Изобретая традицию: Современная русско-еврейская литература

Как литература обращается с еврейской традицией после долгого периода ассимиляции, Холокоста и официального (полу)запрета на еврейство при коммунизме? Процесс «переизобретения традиции» начинается в среде позднесоветского еврейского андерграунда 1960–1970‐х годов и продолжается, как показывает проза 2000–2010‐х, до настоящего момента. Он объясняется тем фактом, что еврейская литература создается для читателя «постгуманной» эпохи, когда знание о еврействе и иудаизме передается и принимается уже не от живых носителей традиции, но из книг, картин, фильмов, музеев и популярной культуры.

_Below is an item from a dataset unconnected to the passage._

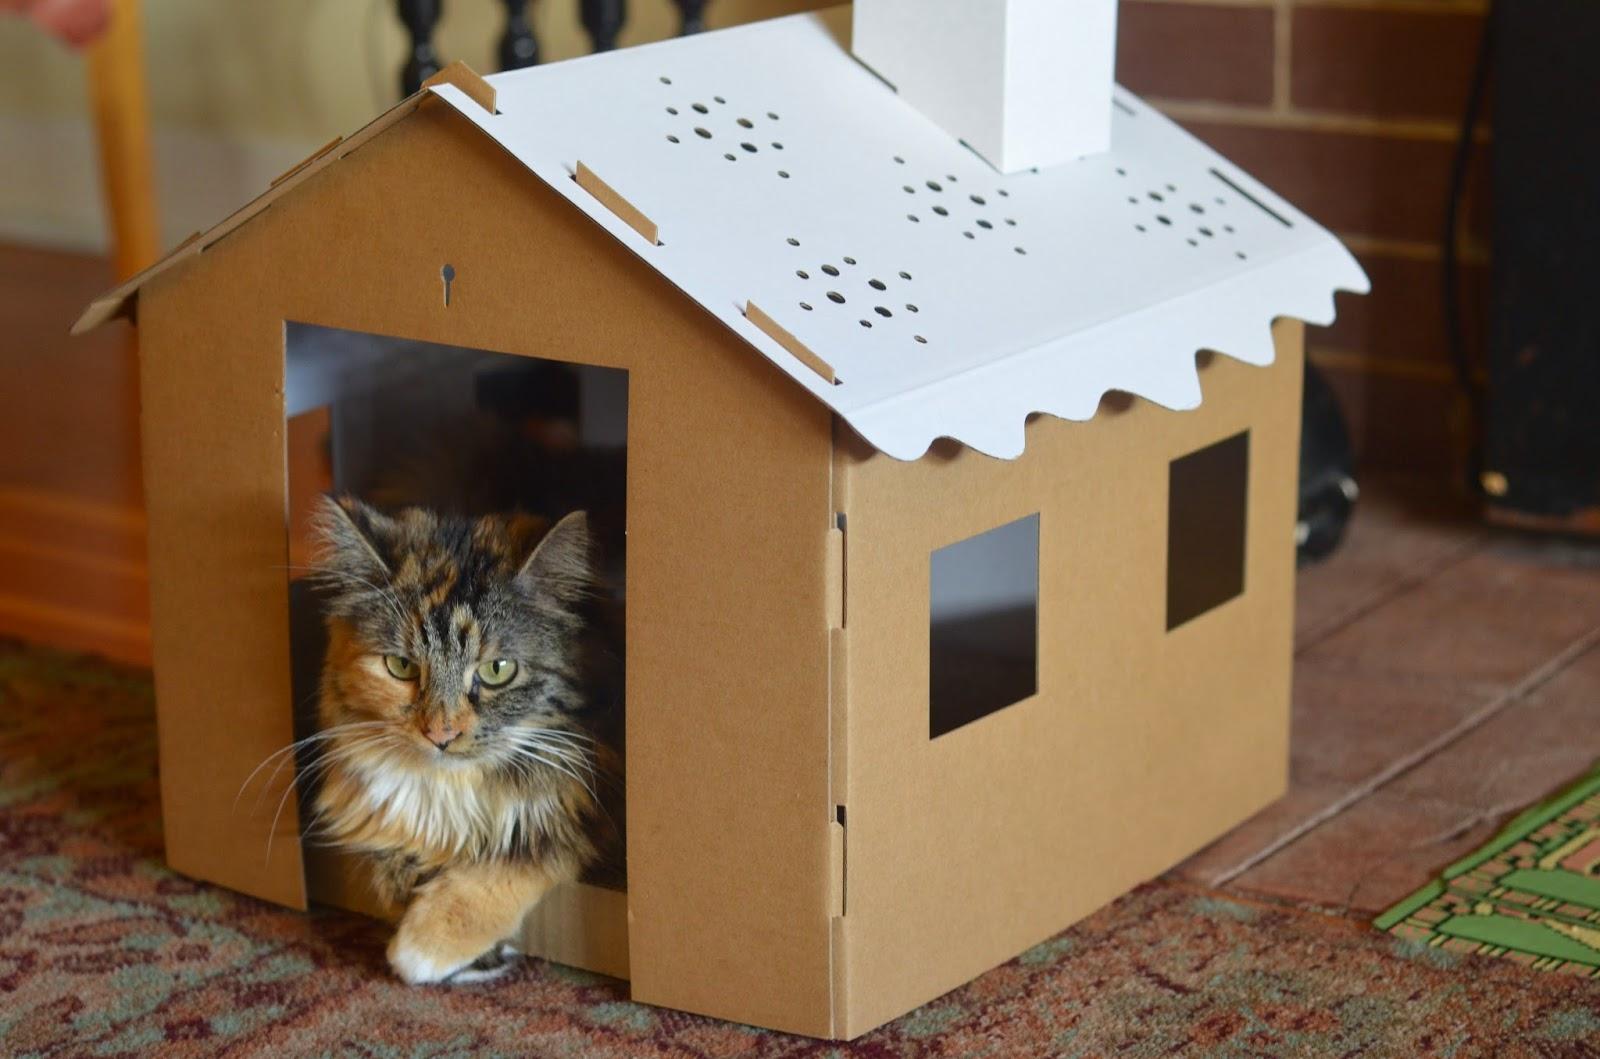 M s y m s manualidades casas de cart n para mascotas - Casas para gatos baratas ...

Век диаспоры. Траектории зарубежной русской литературы (1920–2020). Сборник статей

Что такое литература русской диаспоры, какой уникальный опыт запечатлен в текстах писателей разных волн эмиграции, и правомерно ли вообще говорить о диаспоре в век интернет-коммуникации? Авторы работ, собранных в этой книге, предлагают взгляд на диаспору как на особую культурную среду, конкурирующую с метрополией. Писатели русского рассеяния сознательно или неосознанно бросают вызов литературному канону и ключевым нарративам культуры XX века, обращаясь к маргинальным или табуированным в русской традиции темам.


Набоков, писатель, манифест

Набоков ставит себе задачу отображения того, что по природе своей не может быть адекватно отражено, «выразить тайны иррационального в рациональных словах». Сам стиль его, необыкновенно подвижный и синтаксически сложный, кажется лишь способом приблизиться к этому неизведанному миру, найти ему словесное соответствие. «Не это, не это, а что-то за этим. Определение всегда есть предел, а я домогаюсь далей, я ищу за рогатками (слов, чувств, мира) бесконечность, где сходится все, все». «Я-то убежден, что нас ждут необыкновенные сюрпризы.